Thursday, June 18, 2026
Vesna Peric Zimonjic
- A book by a Serbian journalist has again stirred controversy over the NATO bombing of the Radio Television of Serbia building in Belgrade in April 1999. Sixteen people were killed in the attack.
The book ‘Silence on Aberdareva Street’ blames the Serbian regime then led by Slobodan Milosevic besides the North Atlantic Treaty Organisation (NATO) for the bombing.
“This was a premeditated sacrifice of 16 innocent people by the regime, with the aim of scoring a propaganda point,” author Zoran Janjic told IPS.
None of the victims were journalists. They were sound or tape technicians, tape editors, make-up specialists and security personnel. Four were aged above 50, the rest being in their 20s and 30s. Two among them were women, both aged 27.
“Although it is evident and clear that NATO executed a crime with the bombing of RTS, it is also evident that this was an organised crime by the regime with the aim of gaining the decisive upper hand in the propaganda war,” Janjic said.

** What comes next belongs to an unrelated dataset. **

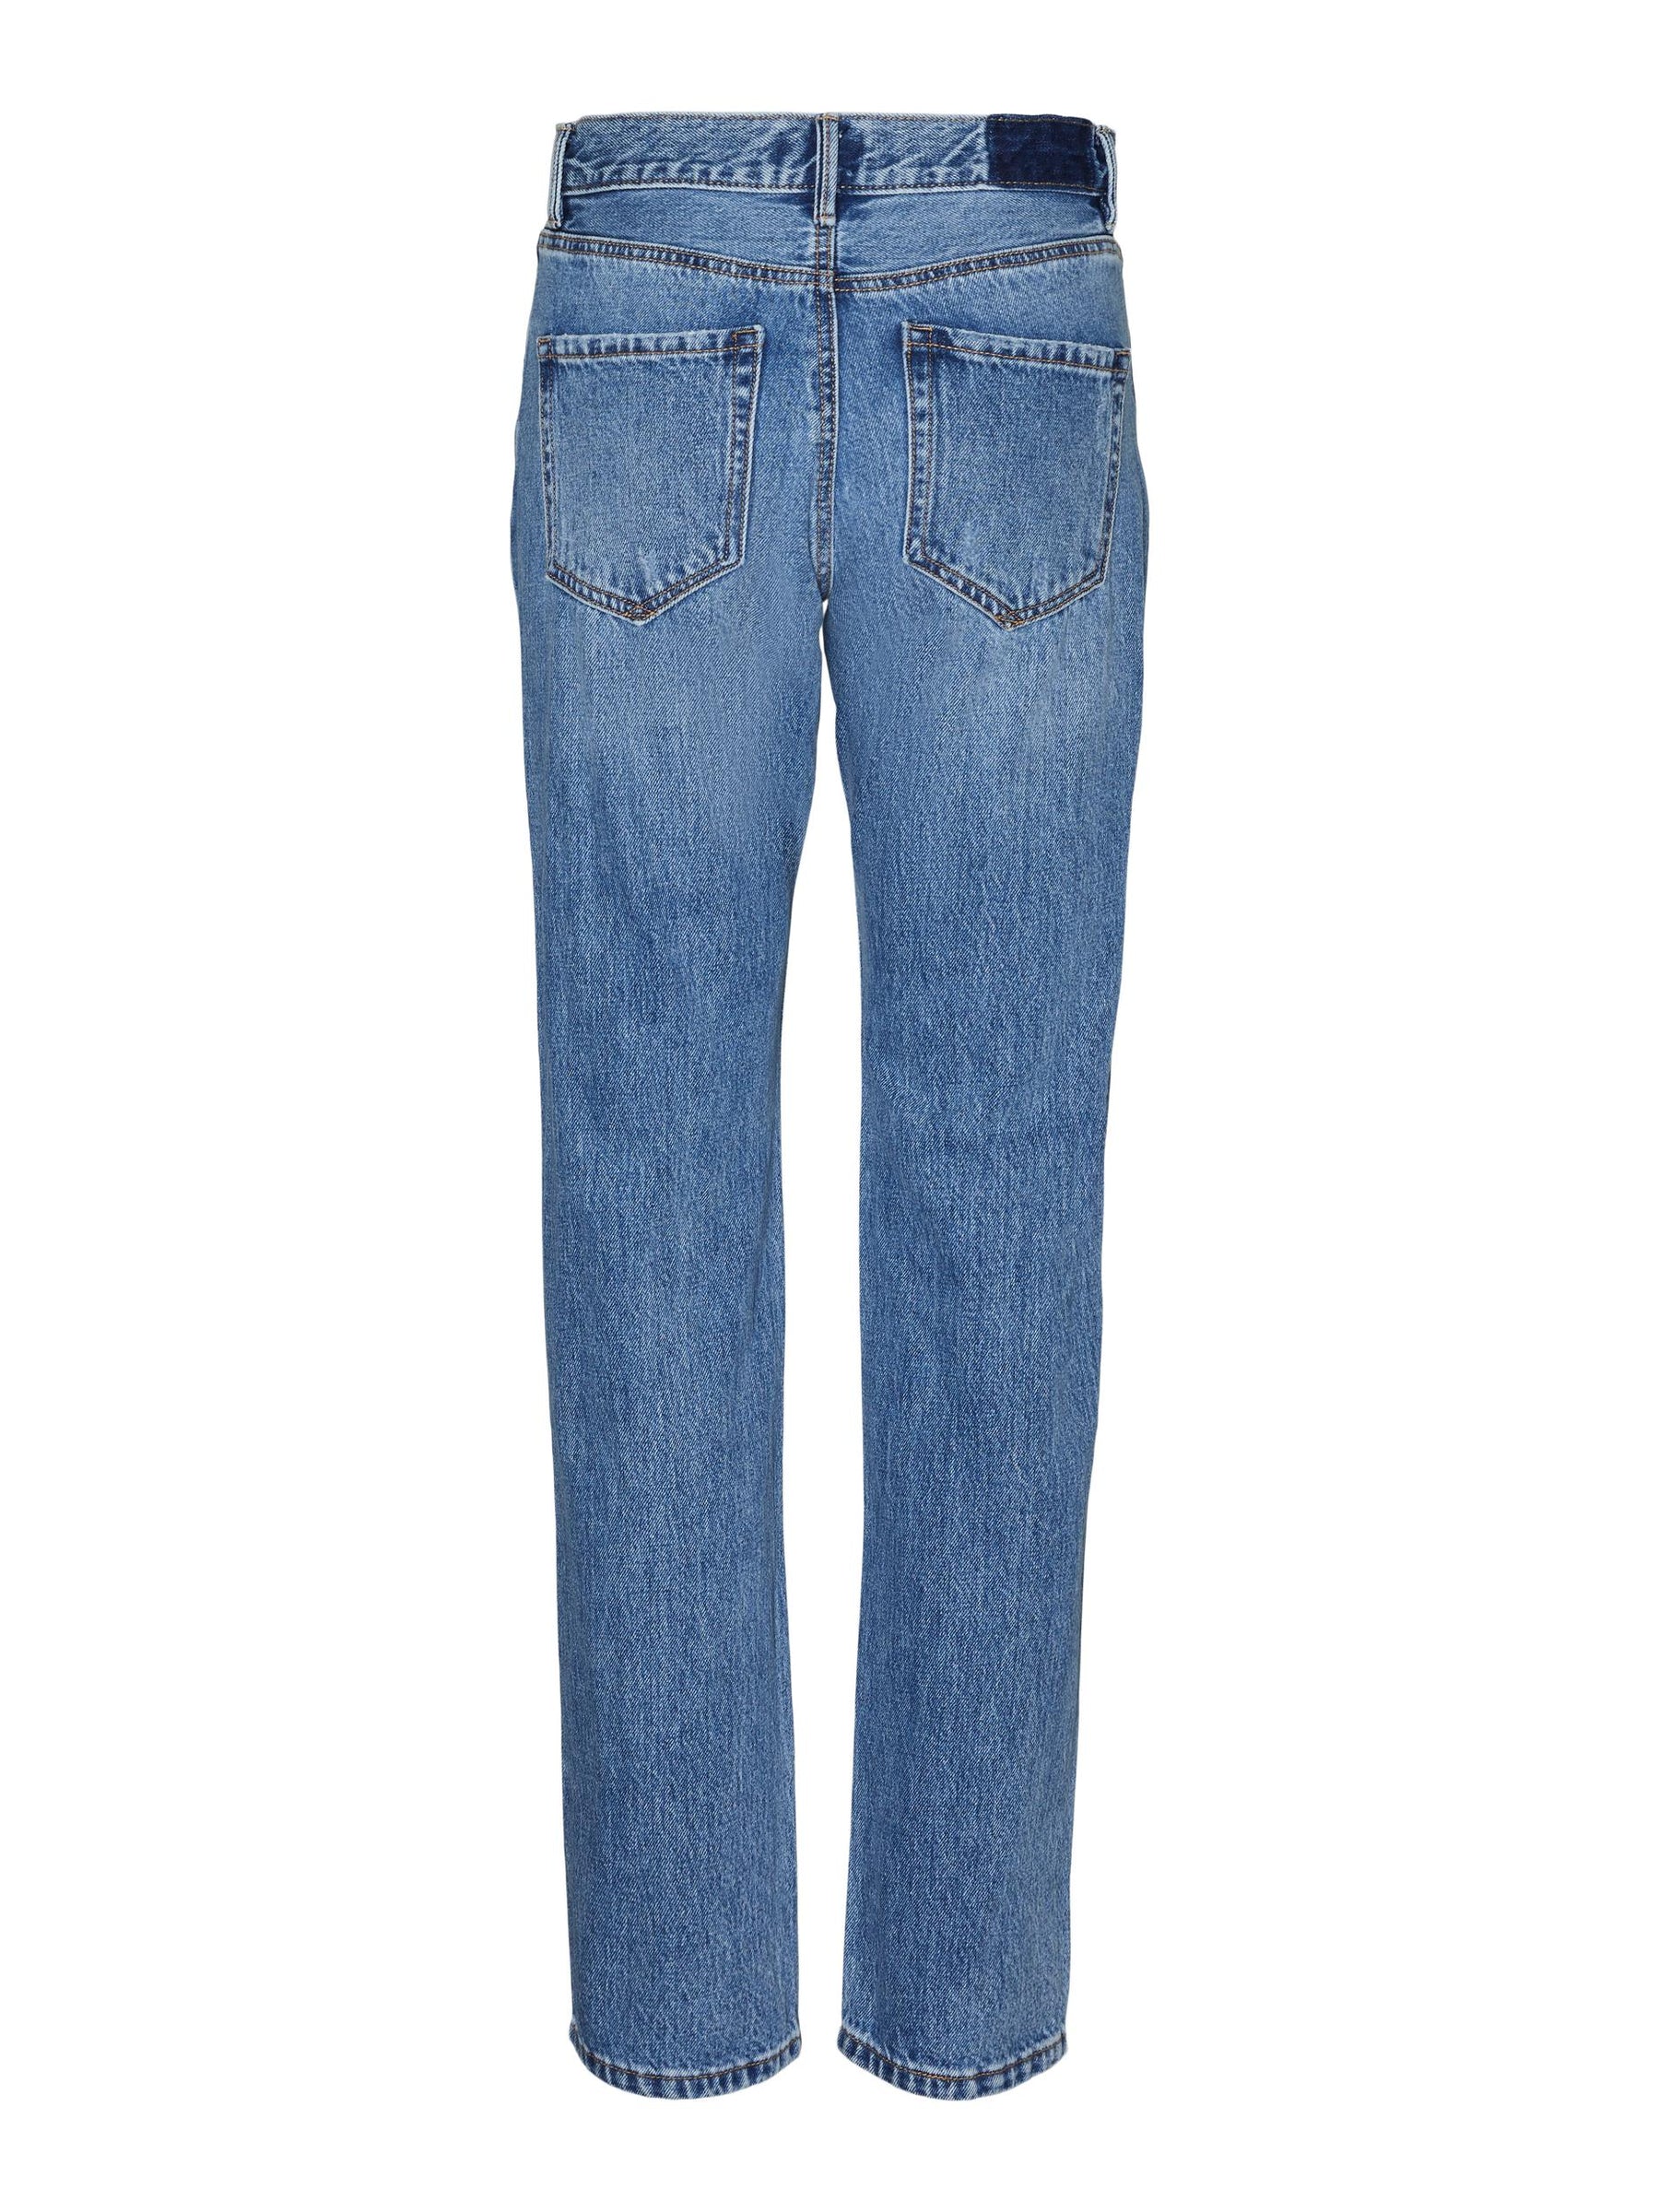 ג'ינס קלאסי בגזרה ישרה /אורך ארוך במיוחד- Vero Moda |וורו מודה

Families of victims are still fighting to bring those responsible to trial. Only one man has been sentenced for the deaths. Dragoljub Milanovic, head of RTS at the time and one of the aides of Milosevic, received a 10-year prison sentence in 2002. He was found guilty of failing to evacuate the employees.
The 11-week NATO bombing campaign against Serbia in 1999 was undertaken due to the repression of ethnic Albanians in Kosovo by Milosevic’s regime.
Janjic and survivors say the regime was warned in advance of the imminent bombing of the RTS building, but did nothing.
“Deputy editor-in-chief Dusan Vojvodic came to the building in the late evening hours and took home his daughter Natalija, who was the journalist on duty at the time,” Janjic says.
Vojvodic has always denied this. But only minutes after the RTS building was hit at 02.06 am Apr. 23, editor-in-chief Milorad Komrakov and information minister Aleksandar Vucic arrived with TV crews from nearby cafes.
The book names several top RTS officials it claims knew of the bombing in advance. The officials have denied the accusations, and refused to comment to IPS.
The book quotes journalist Dragana Kuzmanovic of RTS, one of the closest aides of Milosevic’s wife Mira, as saying that “NATO did send the list of targets to be bombed” to the Serbian leadership.
International media crew that worked from the RTS building since the bombing of Serbia began Mar. 24 stopped coming to the RTS offices a week before it was hit.
“We were informed by our head office that RTS was going to be the target,” a Serbian reporter working for an international TV station told IPS. “We did not know the exact date, but we were warned; we did pass the warning to relevant people in RTS.” CNN and NBC staff are quoted making similar statements.
NATO representatives had said then that the TV station was a “legitimate target” because it was the strongest propaganda machinery of Milosevic.
A day after the bombing, Milosevic’s regime announced it was pressing charges against NATO before the UN-founded International Court of Justice (ICJ) for “genocide and excessive use of force.” The charges were drafted in advance, they could not have been prepared in one night, Janjic claims.
The ICJ said it had no jurisdiction because the Federal Republic of Yugoslavia then was not a member of the United Nations.
Milosevic fell from power in 2000.. He died last month in the detention unit of the UN- founded International Criminal Tribunal for former Yugoslavia (ICTY) in The Hague, while on trial for war crimes.
“There is only one question we want the real answer to: why did the regime leave our dear ones to die and who will be finally held responsible for that,” said Zanka Stojanovic. “Milosevic is dead now, but there are others. In our hearts and minds it is clear that they knew in advance and practically collaborated with NATO, who did carry out the execution of my son and other innocent victims”.